Download movielens dataset http://grouplens.org/datasets/movielens/.

Unzip the files and put each file in their own directory. Hive requires directory as location rather than file as location.

Create a table based on the movies data using delimited file.

hive> create external table movies (

movieId int,

title string,

genres string)

row format delimited

fields terminated by ','

lines terminated by '\n'

location '/user/cloudera/movielens/movies'

tblproperties ("skip.header.line.count"="1");

Do you see the problem with the bad data, for example with movieId = 11? When the column values contain commas, the parsing does not work.
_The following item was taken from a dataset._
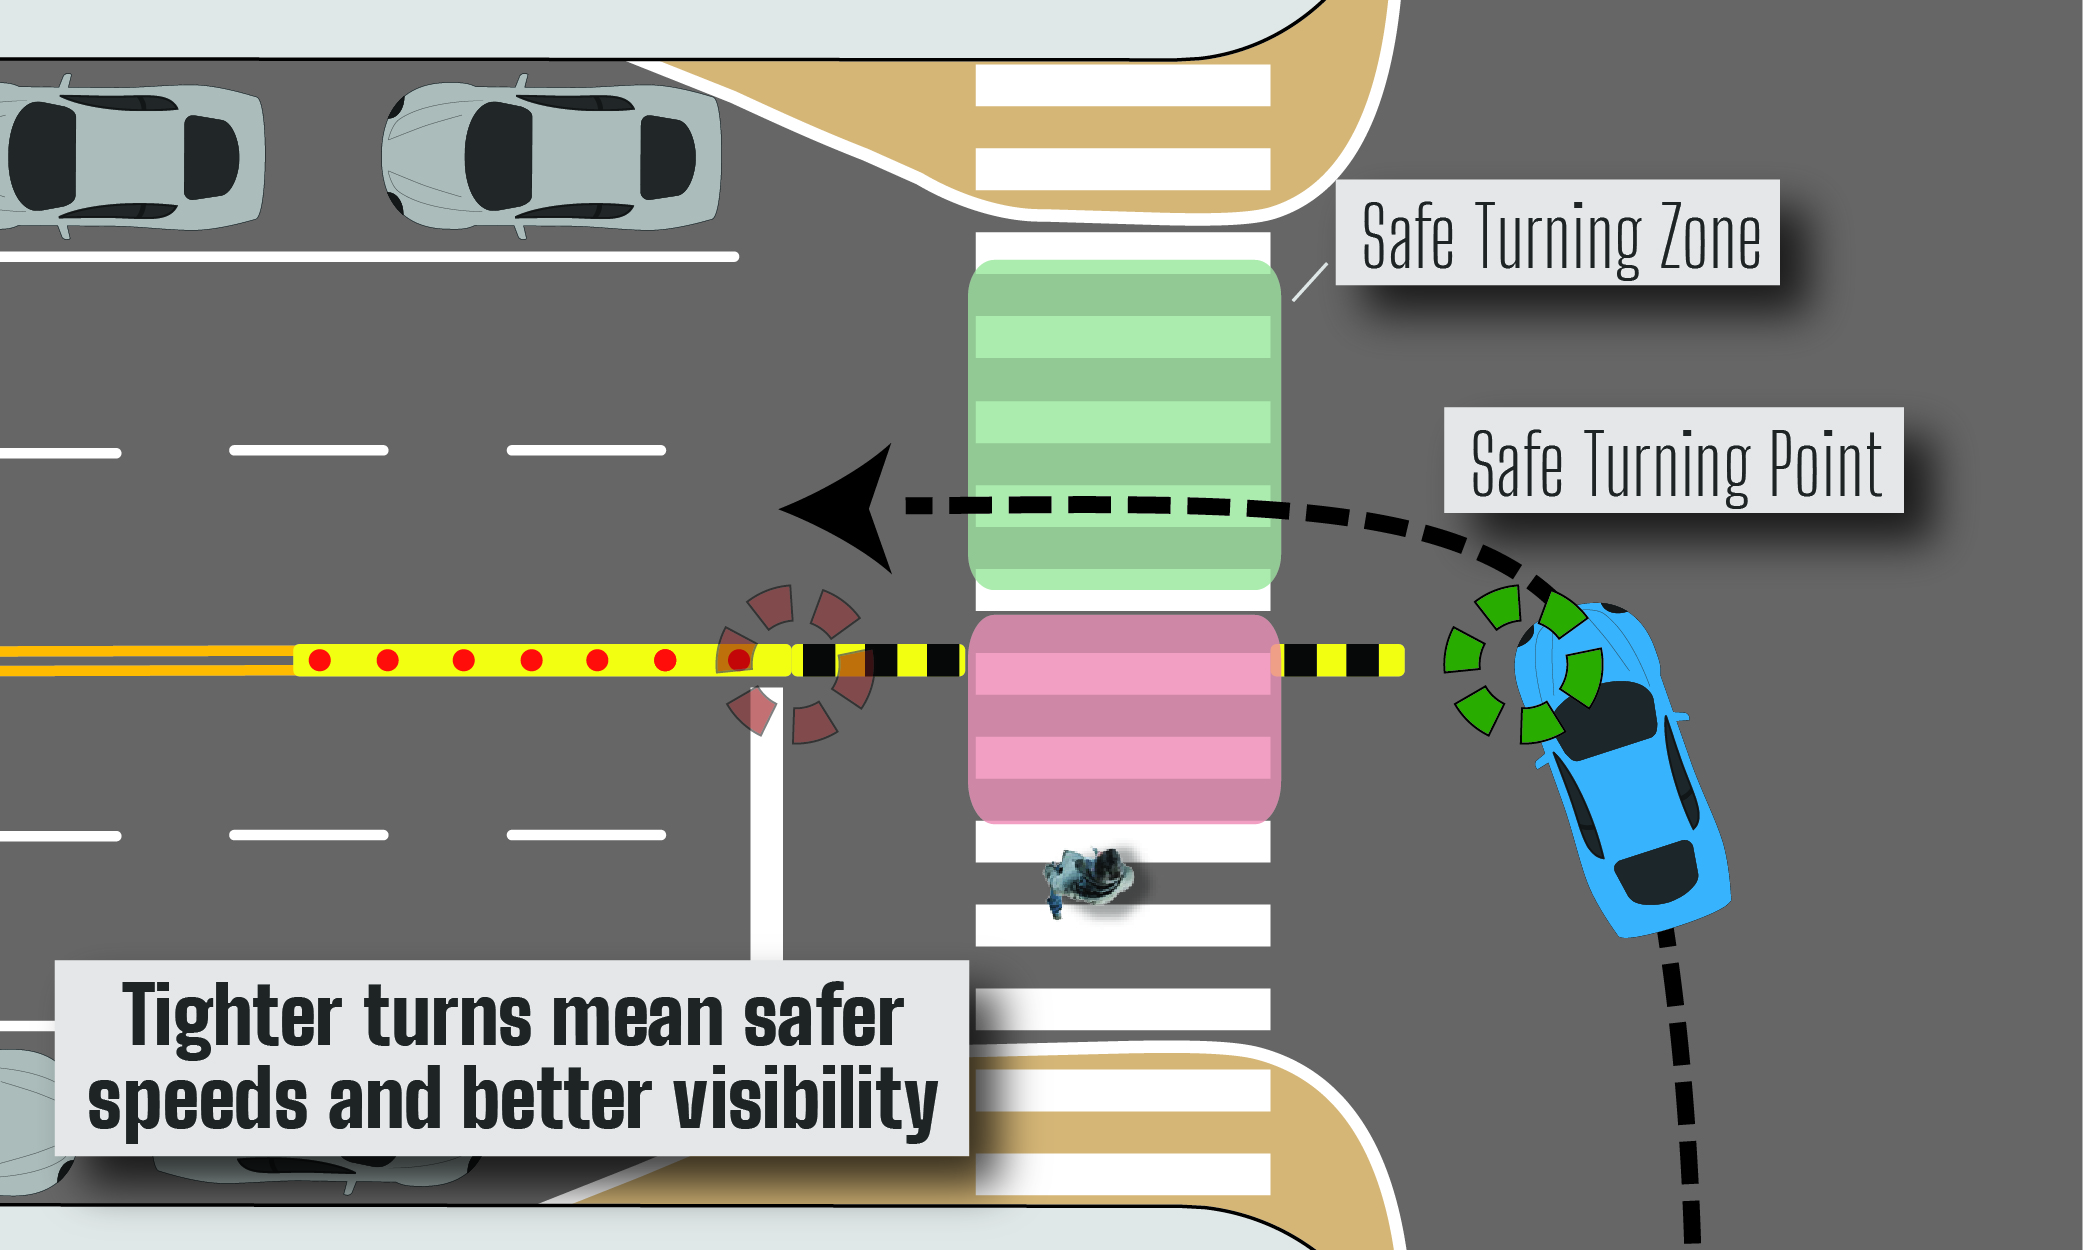 Diagram of intersection after installation of left turn traffic calming displaying the vehicle turning path cutting around the rubber speed bump. Tighter turns mean safer speeds and better visibility.

How to fix this? Hive serde can come to rescue.

Create a table using hive serde. Drop the table if it already exists.

hive> DROP TABLE IF EXISTS movies;

hive> CREATE EXTERNAL TABLE movies(

movieId string,

title string,

genres string)

ROW FORMAT SERDE

'org.apache.hadoop.hive.serde2.OpenCSVSerde'

WITH SERDEPROPERTIES (

"separatorChar" = ",",

"escapeChar" = "\\"

)

STORED AS INPUTFORMAT

'org.apache.hadoop.mapred.TextInputFormat'

OUTPUTFORMAT

'org.apache.hadoop.hive.ql.io.HiveIgnoreKeyTextOutputFormat'

LOCATION

'/user/cloudera/movielens/movies'

TBLPROPERTIES (

'serialization.null.format' = '',

'skip.header.line.count' = '1')

;

Note: Converts all column type values to STRING. Even if you define any column as int or something else, but still it converts data type back to STRING. To convert to other data type use "cast" UDF function.


More information about CSV serde https://cwiki.apache.org/confluence/display/Hive/CSV+Serde


Same way create a table on the ratings data.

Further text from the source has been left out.